In fact, the only limitation of the study that Karnauskas notes is that it only uses one climate model, which he says limits our ability to categorize the full certainty of the results. But this isn’t the first study to suggest that the jet stream is changing along with the warming climate.
Both Williams and Karnauskas have published studies that found that because the jet stream is getting stronger, eastbound flights from the U.S. to Europe will get faster, while westbound flights from Europe will be slower. This is backed up by real world incidents.

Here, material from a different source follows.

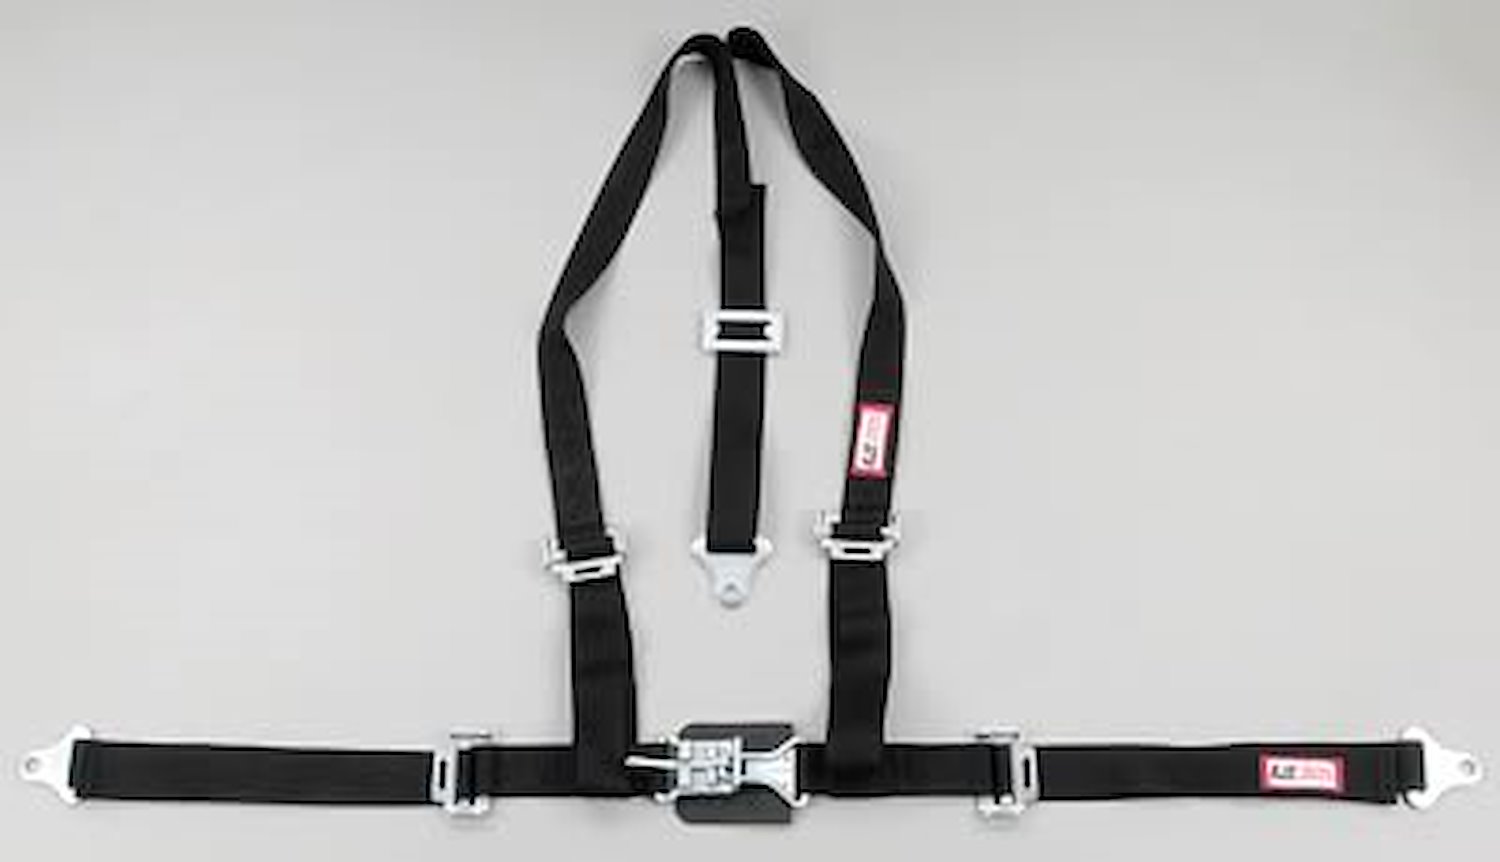 NON-SFI L&L HARNESS 3 PULL DOWN Lap Belt SEWN IN 2 S.H. Individual ROLL BAR Mount ALL WRAP ENDS RED

In January 2015, a flight from New York’s JFK airport to Heathrow took only 5 hours and 16 minutes because the jet stream was so strong. Ordinarily, that flight takes longer than six hours. During that same period, westbound flights from London and Paris to New York battled such strong heads that they burned more fuel than expected, requiring stops in Maine for refueling
It’s important to note that Williams’ study only looked at the North Atlantic—its conclusions can’t be extrapolated for other routes. At the same time, however, it’s important to recognize the impacts that climate change will have on the aviation industry so that companies can better plan and prepare for everything from plane maintenance and repair to fueling.
“For decades, all of the focus on climate change and air travel was about how air travel is going to make climate change worse,” said Karnauskas. “But this kind of study, and other studies around climate change making flight times longer, are a new wave of looking at that relationship. It’s showing that climate change can feed back on the industry itself. It’s not just that air travel affects climate—we know that’s true. But air travel is being affected by climate change.”